Amy and I were talking about how the DC Commission doesn’t directly fund arts marketing. I was saying that is not exactly true, because they do fund arts service organizations, many of whom spend a lot of their time and budgets marketing the arts. But for smaller folks, she is right: the DCCAH doesn’t fund arts marketing. She said she thought that should change, and I disagreed. I think that artists are best being funded at a level where they can spend the time and money to market themselves. The organizations can already do this, and for individual artists, you can always list events in many places, try and get traditional press coverage, and get coverage from any of the places I noted above. I know that Bourgeon is happy to publish an article by any artist promoting their work.

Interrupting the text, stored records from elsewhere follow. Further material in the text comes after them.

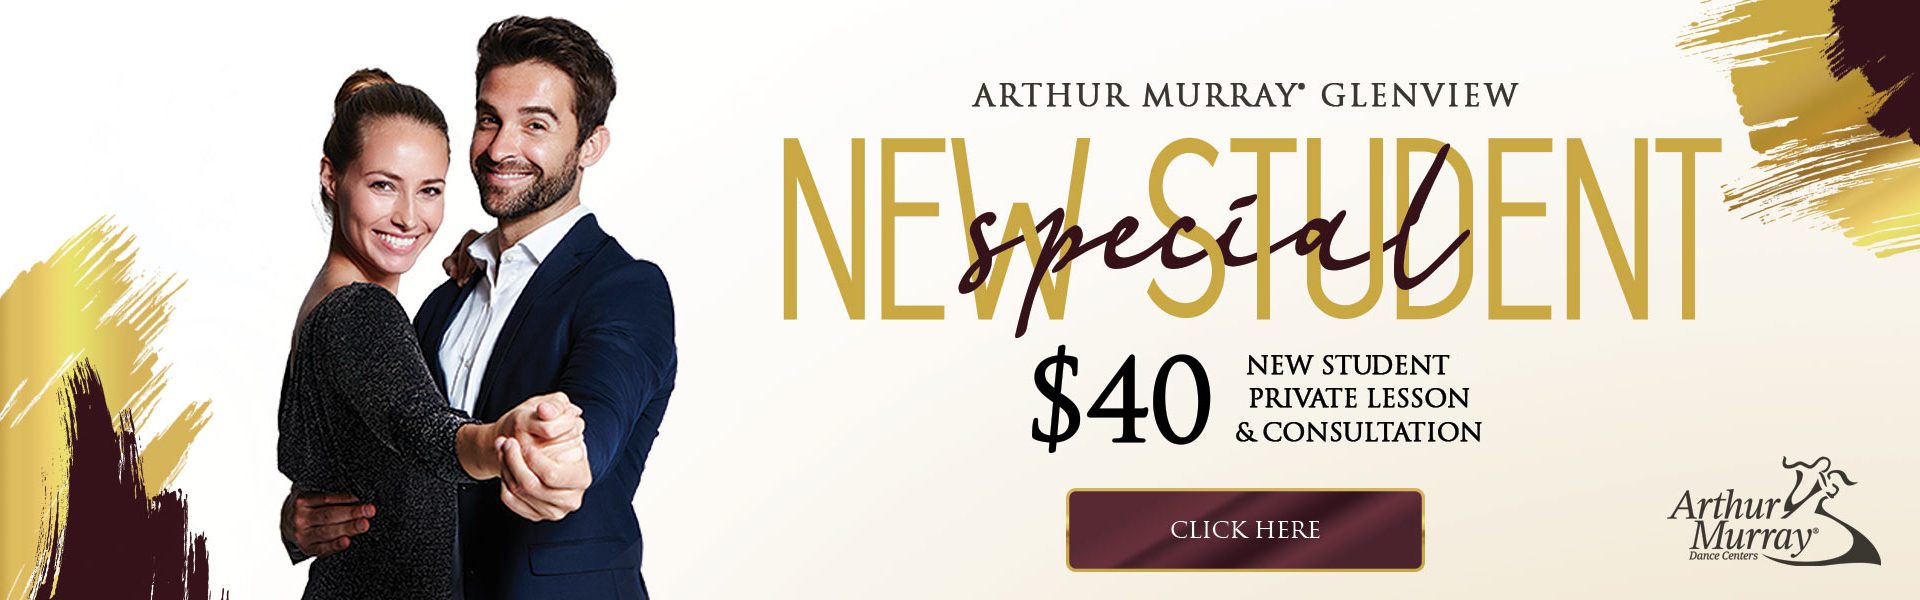 Arthur Murray Glenview New Student Offer
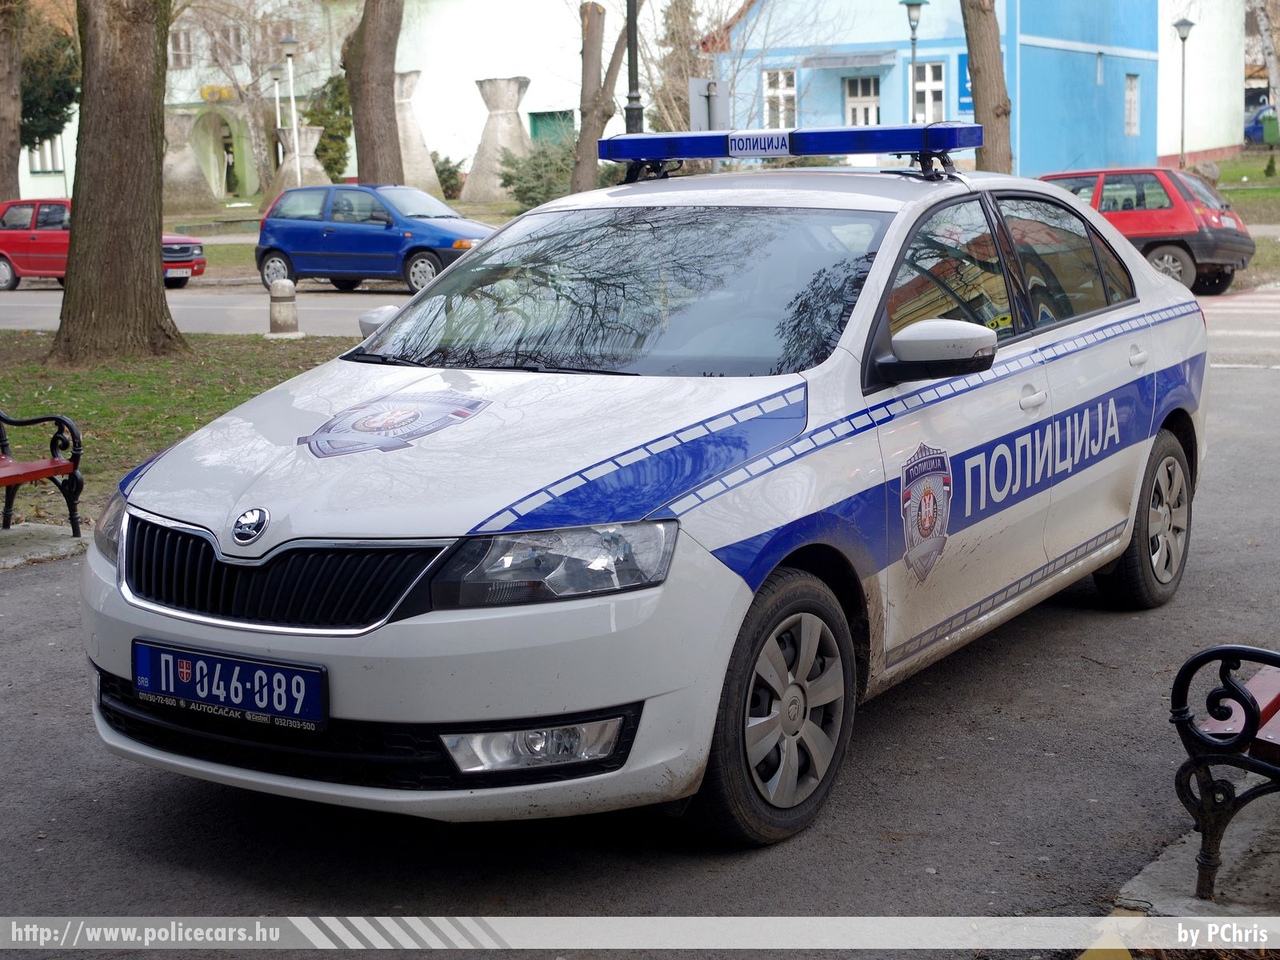 Skoda Rapid, fotó: PChris
Keywords: szerb Szerbia rendőr rendőrautó rendőrség Serbia serbian police policecar
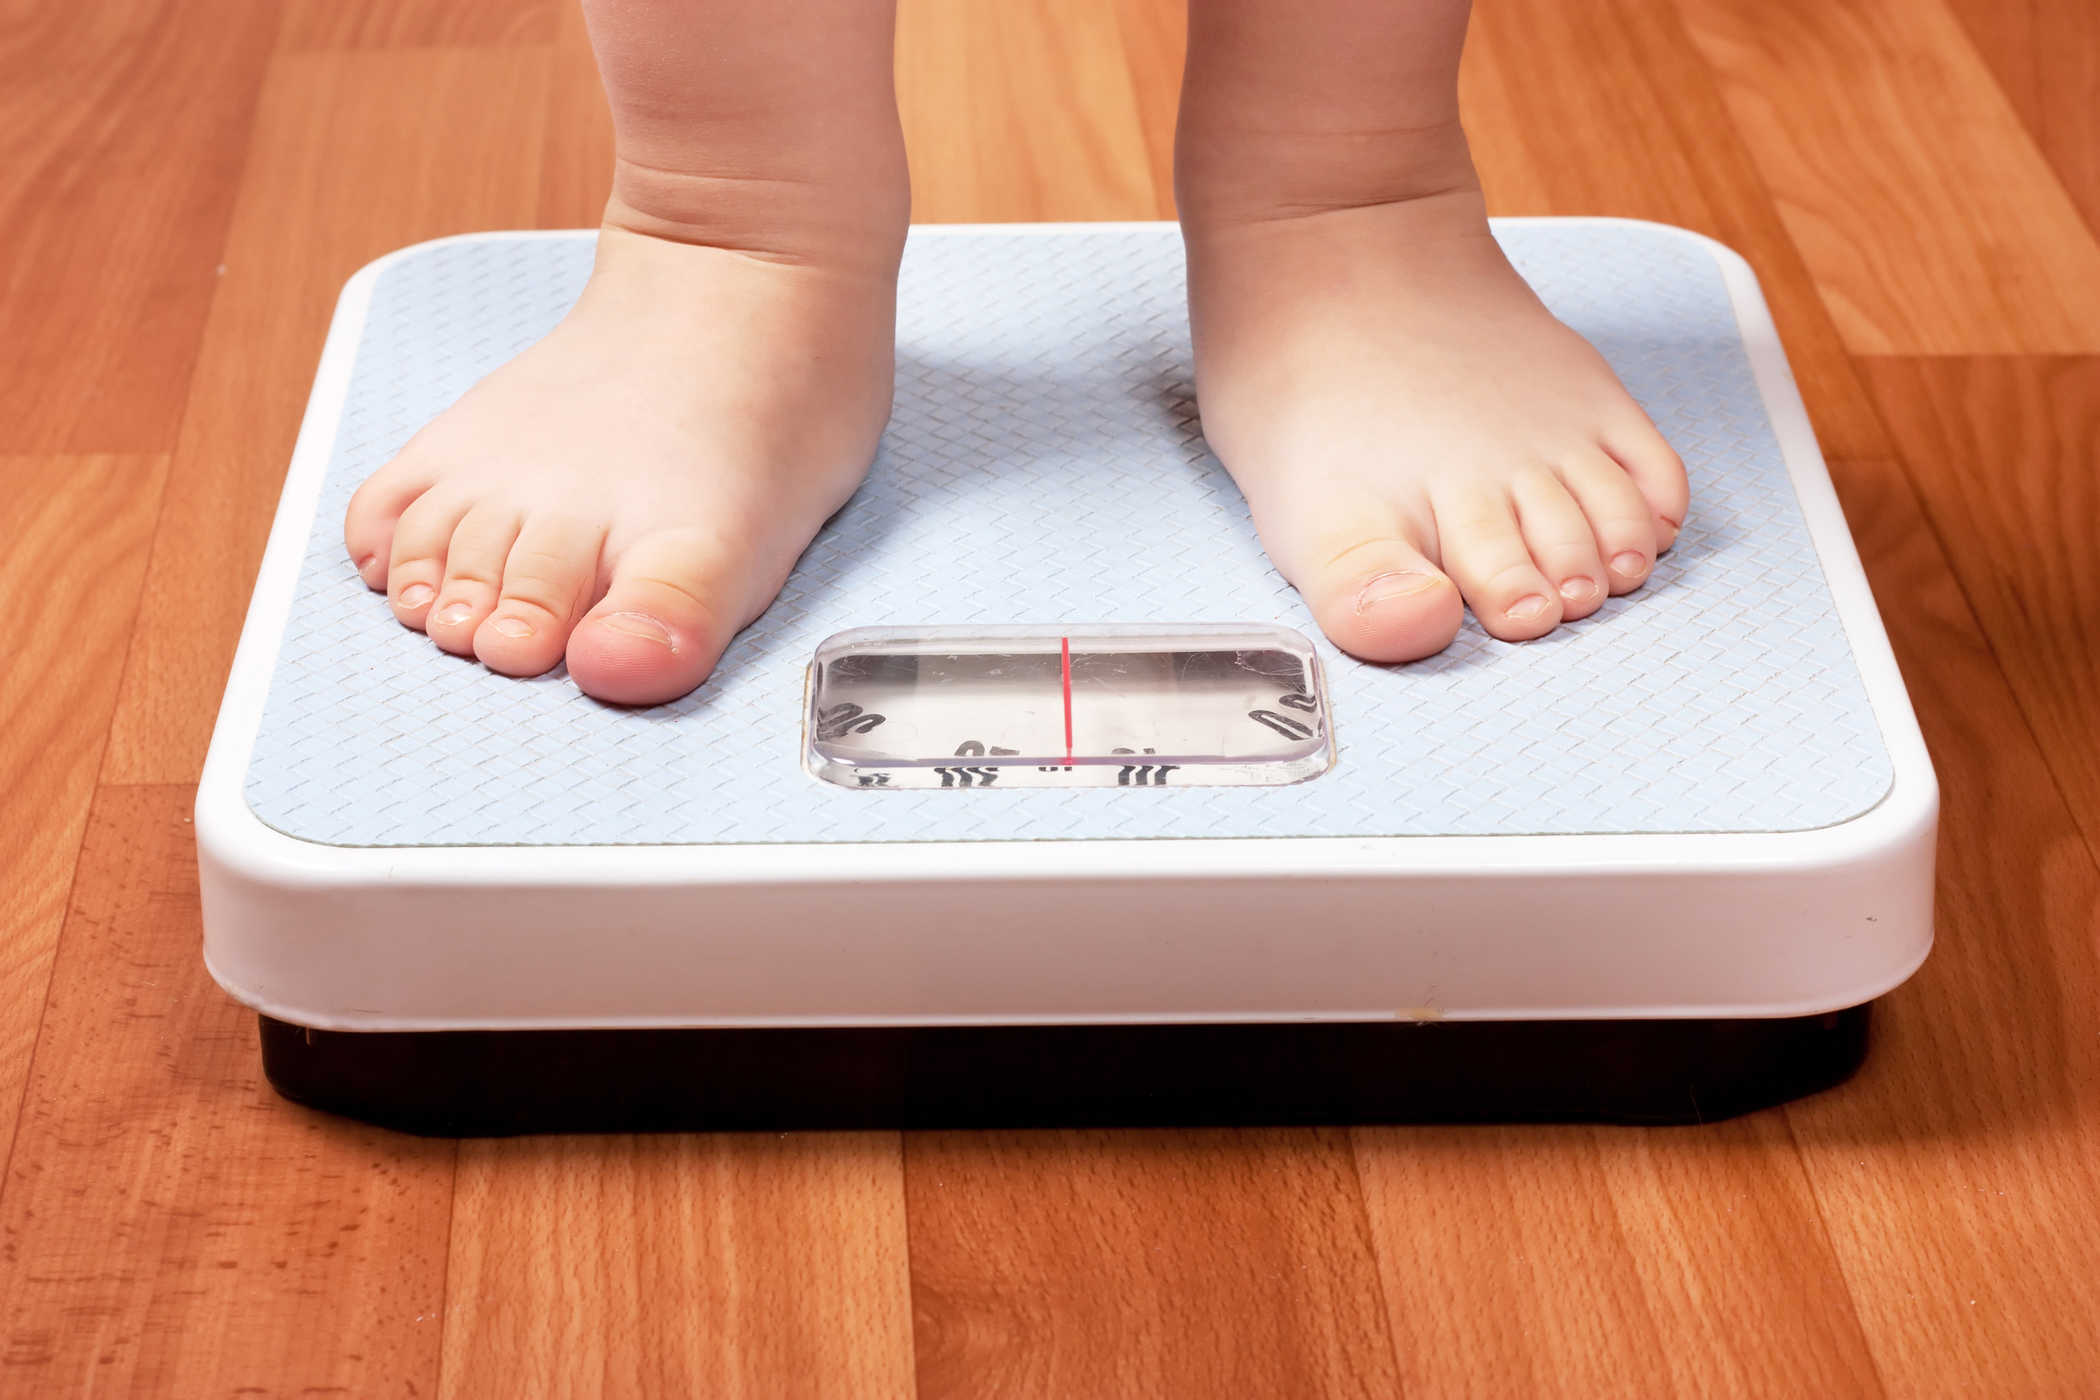 Báo động tình trạng thừa cân, béo phì ở TP HCM - Báo Người lao động
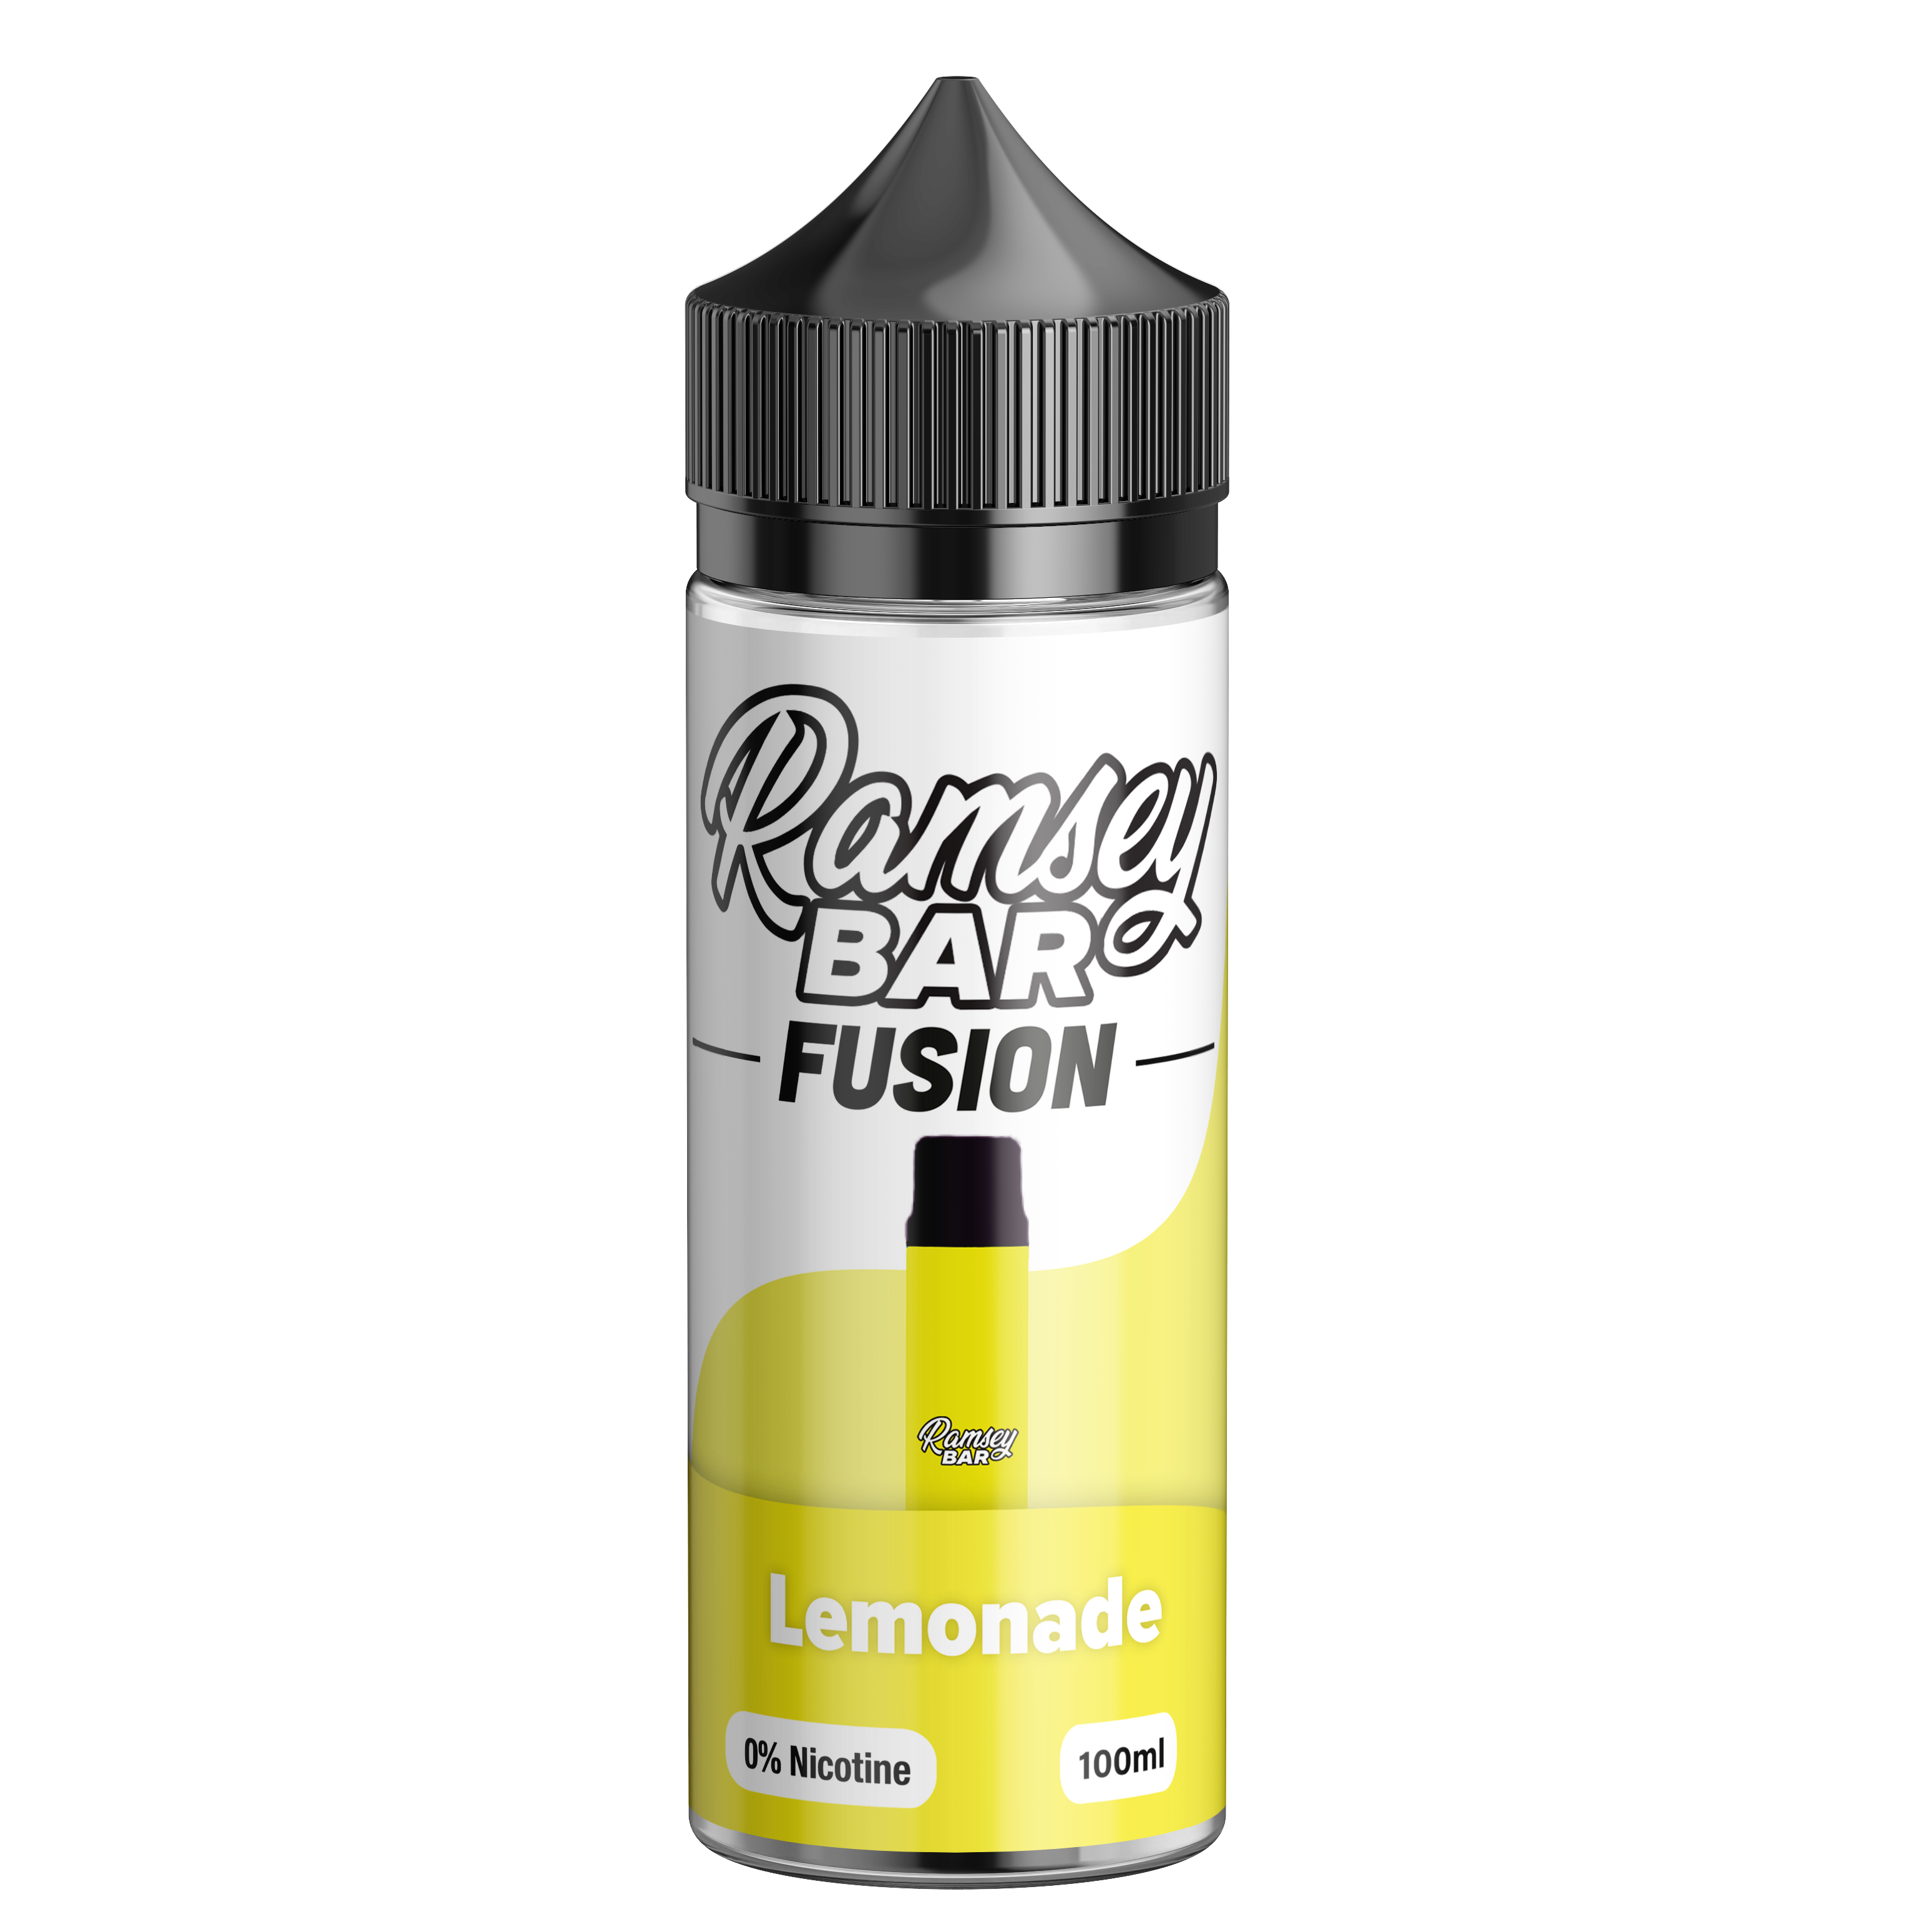 Ramsey Bar Fusion Lemonade 100ml Shortfill E-Liquid

ME-BarryTaxThe city and other funders have to have priorities in funding. If Marion Barry taught us anything it’s that just cause you’re popular doesn’t mean you’re spending the city’s money well. The mayor for life won election several times even while driving the city into receivership and leading the schools into a nosedive of failure (or rather, failing to lead them into the flight of success.) There’s no parallel there to the city’s DCCAH – currently or in the past. But I think the city’s arts budget should go to the arts, not arts marketing.

I have to add that I don’t think Bourgeon is arts marketing. Non-profit journalism, including non-profit arts journalism, is not marketing. But that is a post for another day….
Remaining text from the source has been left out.